Parte de la película transcurre en escenarios de Filadelfia, para habilitar la premisa del filme -la relación entre el policía John Book y el niño amish, y la historia de corrupción policial que dará lugar al pursuit y enfrentamiento de Book con los polis malos-; y a poco que uno se fije, es de ver que esos pasajes están tratados con una sabia yuxtaposición de lo intenso –pienso en la secuencia del asesinato, pero también en la grandilocuencia en esos primeros planos que nos muestran a los villanos, la retórica que escuchamos de sus parlamentos- con una proverbial economía descriptivo-narrativa. Porque lo que más interesa a las imágenes de Witness es sin duda el relato del día a día en ese recóndito paraje de Pennsilvania poblado por los amish, o más bien, el imposible engarce entre ese discurrir sosegado de la vida y los visos clautrofóbicos de la trama policial que se cierne sobre el protagonista.

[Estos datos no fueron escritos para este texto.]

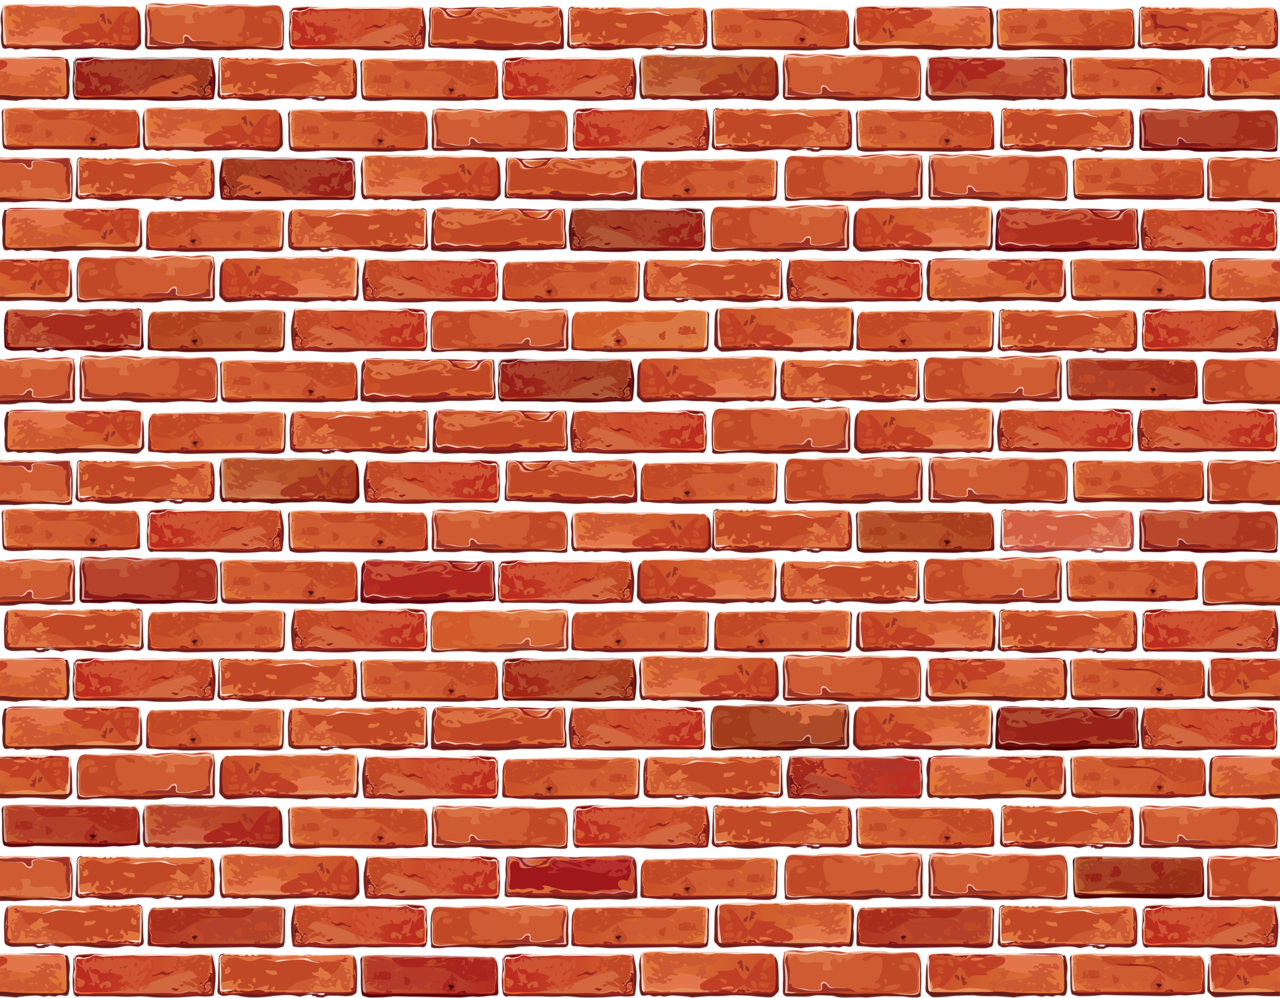 Brickwalls PNG Image File

En ese sentido, un actor de corte clásico como Harrison Ford da la perfecta medida de ese personaje atrapado entre dos mundos, y Weir sabe dirigirlo con la suficiente inteligencia como para que apenas aflore el amaneramiento que es dable esperar de tan craso exponente del star-system.

 

Tensión sexual

 

    Aunque no son pocas las secuencias cuya agudeza formal merece la mención y el recuerdo (v.gr. la larga escena del montaje del granero, prodigio visual y rítmico), quizá resulta interesante detenerse en el tratamiento del tema romántico, ciertamente complejo en el papel, ciertamente fascinante en  imágenes. Una de las secuencias más recordadas del filme transcurre en el granero de la familia Lapp, y el motivo del recuerdo es una pieza musical clásica, el Wonderful World de Sam Cooke; pero más que esa atinada elección musical, interesa retener el fervor con el que la cámara retrata el acercamiento entre John y Rachel, entre dos mundos opuestos que perecen bajo el peso inaudito de la tensión sexual: atiéndase al plano que nos muestra la reacción de Rachel al hecho de que John se le acerque, en principio bromeando a costa de la letra de la canción: su mirada enardecida, que trasciende con mucho lo concupiscente, la cámara desplazándose con más lentitud, y un fondo de rojo encendido aprovechado del reflejo de las luces del coche… En otra secuencia, exquisita, y diría que violenta en su cerrazón sexual, Rachel muestra su cuerpo desnudo a John, quien después le confesará “si hubiera hecho el amor contigo, no podría irme”. Y aún nos queda el clímax, la formidable secuencia del beso en el crepúsculo, la pasión desatada. Sin duda que Weir convierte la relación sentimental entre el policía y la viuda amish en el epítome de esa relación entre polos opuestos que la película propone, y es por ello, y por la capacidad sugestiva de su cámara, que sin duda en ese plano narrativo hallemos los instantes más hermosos de la película.